From 4b348d12be63f8a898b16012a1a5127ae66200c8 Mon Sep 17 00:00:00 2001
From: Bench <bench@smarm>
Date: Sun, 24 May 2026 21:51:13 +0000
Subject: [PATCH] =?UTF-8?q?docs:=20BENCHMARKS=5FAND=5FTUNING.md=20?=
 =?UTF-8?q?=E2=80=94=20bench=20results,=20knob=20recommendations,=20arch?=
 =?UTF-8?q?=20guidance?=
MIME-Version: 1.0
Content-Type: text/plain; charset=UTF-8
Content-Transfer-Encoding: 8bit

---
 BENCHMARKS_AND_TUNING.md | 320 +++++++++++++++++++++++++++++++++++++++
 1 file changed, 320 insertions(+)
 create mode 100644 BENCHMARKS_AND_TUNING.md

diff --git a/BENCHMARKS_AND_TUNING.md b/BENCHMARKS_AND_TUNING.md
new file mode 100644
index 0000000..0eeadb8
--- /dev/null
+++ b/BENCHMARKS_AND_TUNING.md
@@ -0,0 +1,320 @@
+# smarm — Benchmarks & Tuning Recommendations
+
+> Based on bench suite v0.3.0, Intel Xeon @ 2.80 GHz, 1-core sandbox,
+> kernel 6.18.5, rustc 1.95.0. Multi-core conclusions are extrapolated from
+> design reasoning and single-core sweep data; re-validate on real hardware.
+
+---
+
+## TL;DR
+
+smarm is competitive with tokio for **channel-heavy, message-passing workloads**
+and wins outright on **uncontended channels** and **panic/unwind isolation**.

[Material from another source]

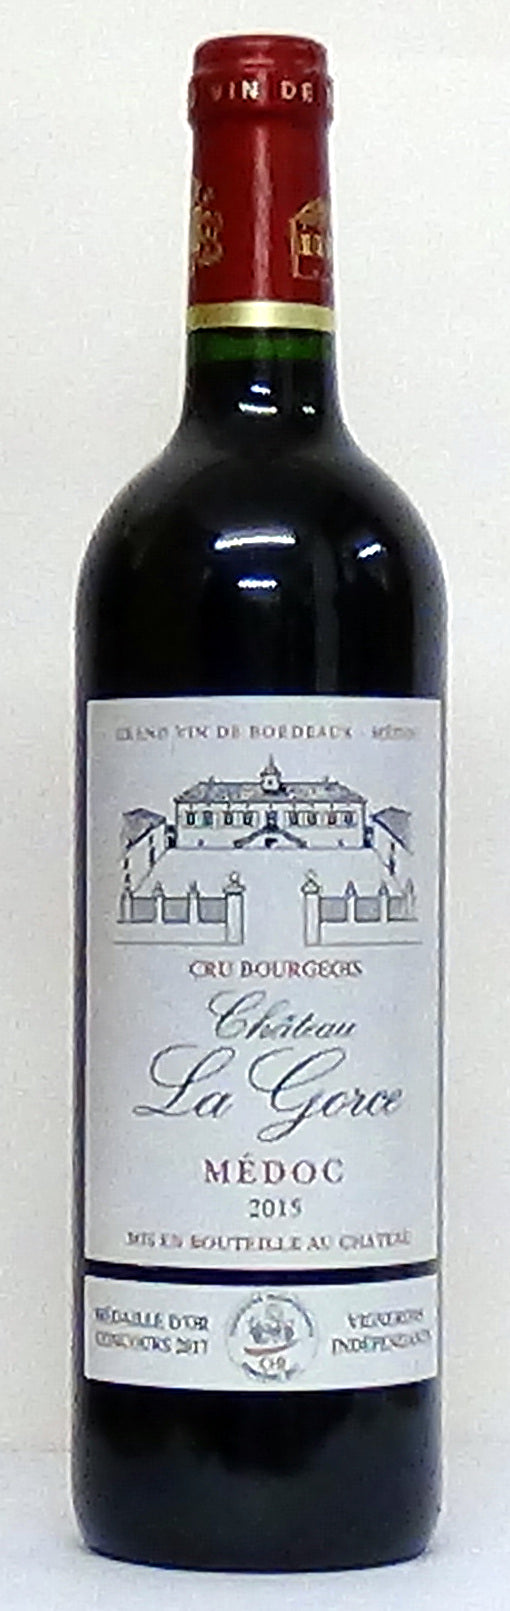 Chateau La Gorce Cru Bourgeois Medoc, Bordeaux - Bordeaux Wines - Wine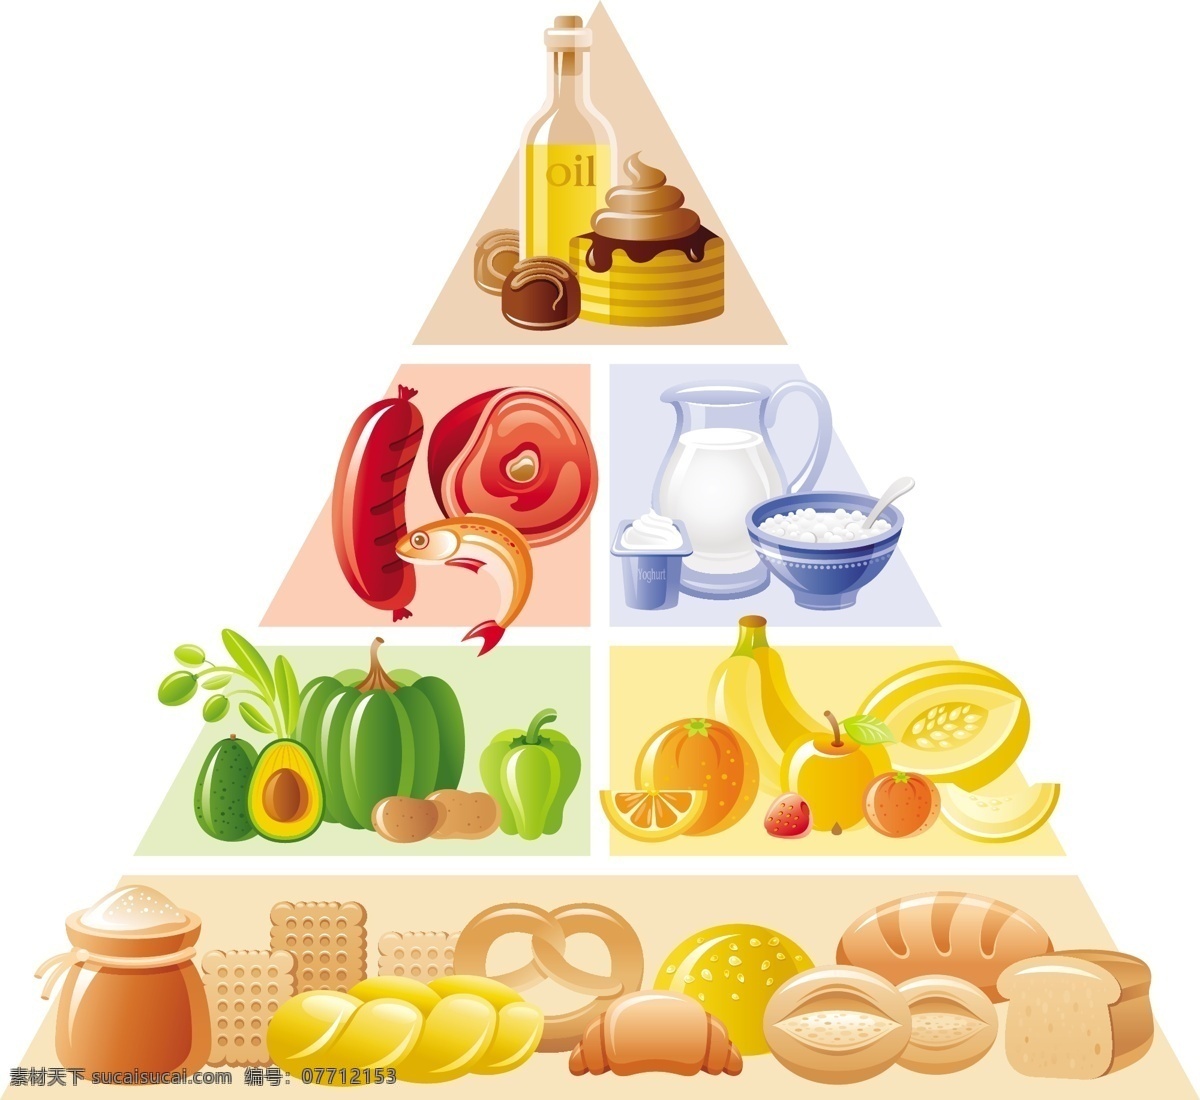 食物金字塔 饮食健康 均衡饮食 食物 食品 水果 蔬菜 主食 肉类 面包 米饭 鱼 牛奶 鸡蛋 图案 矢量 健康 营养 金字塔 生活百科 餐饮美食

+It is significantly slower than tokio for **spawn-heavy** patterns and
+**timer-heavy** workloads. The preemption knobs (`alloc_interval`,
+`timeslice_cycles`) have minimal effect on single-core machines; they matter
+on multi-core under scheduler-thread contention.
+
+---
+
+## Bench results summary
+
+All medians in µs. Tokio column is `current_thread` unless noted.
+
+| Bench                | smarm  | tokio  | ratio  | winner        |
+|----------------------|--------|--------|--------|---------------|
+| `chained_spawn`      | 8 625  | 124    | 70×    | tokio         |
+| `ping_pong_oneshot`  | 16 848 | 879    | 19×    | tokio         |
+| `spawn_storm_busy`   | 126 k  | 2 772  | 45×    | tokio         |
+| `yield_many`         | 41 622 | 15 085 | 2.8×   | tokio         |
+| `yield_in_hot_loop`  | 190 k  | 153 k  | 1.25×  | tokio         |
+| `many_timers`        | 143 k  | 14 462 | 10×    | tokio         |
+| `fan_out_compute`    | 29 727 | 28 503 | 1.04×  | **even**      |
+| `multi_thread_scaling` | 30 k | 29 k   | 1.04×  | **even**      |
+| `deep_recursion`     | 83     | 25     | 3.3×   | tokio         |
+| `mpsc_contention`    | 9 062  | 17 570 | 0.52×  | **smarm** 1.9× |
+| `uncontended_channel`| 27 265 | 51 888 | 0.53×  | **smarm** 1.9× |
+| `catch_unwind_panics`| 142 k  | 682 k  | 0.21×  | **smarm** 4.8× |
+
+---
+
+## Where smarm wins
+
+### Uncontended channels (1.9× faster)
+
+When a single producer sends to a single consumer with no other actors
+competing for the queue, smarm's channel is meaningfully faster than
+tokio's. This is the core use case smarm is designed for: pipelines of
+actors passing owned data along a chain.
+
+**Recommendation**: smarm is a good fit for any architecture where data
+flows through a chain of stages, each stage is an actor, and the
+channel between stages is the primary synchronisation point.
+
+### Uncontended MPSC (1.9× faster, same reason)
+
+Multi-producer single-consumer works well for the same reason. On a
+single-thread runtime, smarm's mutex is uncontended, so the lock is
+essentially free. On multi-core this advantage will shrink; re-measure.
+
+### Panic isolation (4.8× faster recovery)
+
+`catch_unwind_panics` creates 10 000 actors that each panic. smarm
+recovers and delivers `Signal::Panic` to the supervisor 4.8× faster
+than tokio. This matters if you're building a system that uses panics
+as a fast abort path for malformed input or actor-level faults, or if
+you're using supervision trees seriously.
+
+**Recommendation**: if your system expects panics to be a normal
+operational event (not just bugs), smarm's supervision story is a
+genuine advantage over tokio's task abort model.
+
+---
+
+## Where smarm loses, and why
+
+### Spawn-heavy workloads (19–70×)
+
+Every smarm actor `mmap`s a 64 KiB stack with a guard page. This is
+a syscall. Tokio tasks are heap-allocated state machines — no stack,
+no syscall, ~100 bytes each. For workloads that spawn thousands of
+short-lived actors per second, this is a structural disadvantage.
+
+**Recommendations**:
+- Avoid spawning actors for work that completes in microseconds.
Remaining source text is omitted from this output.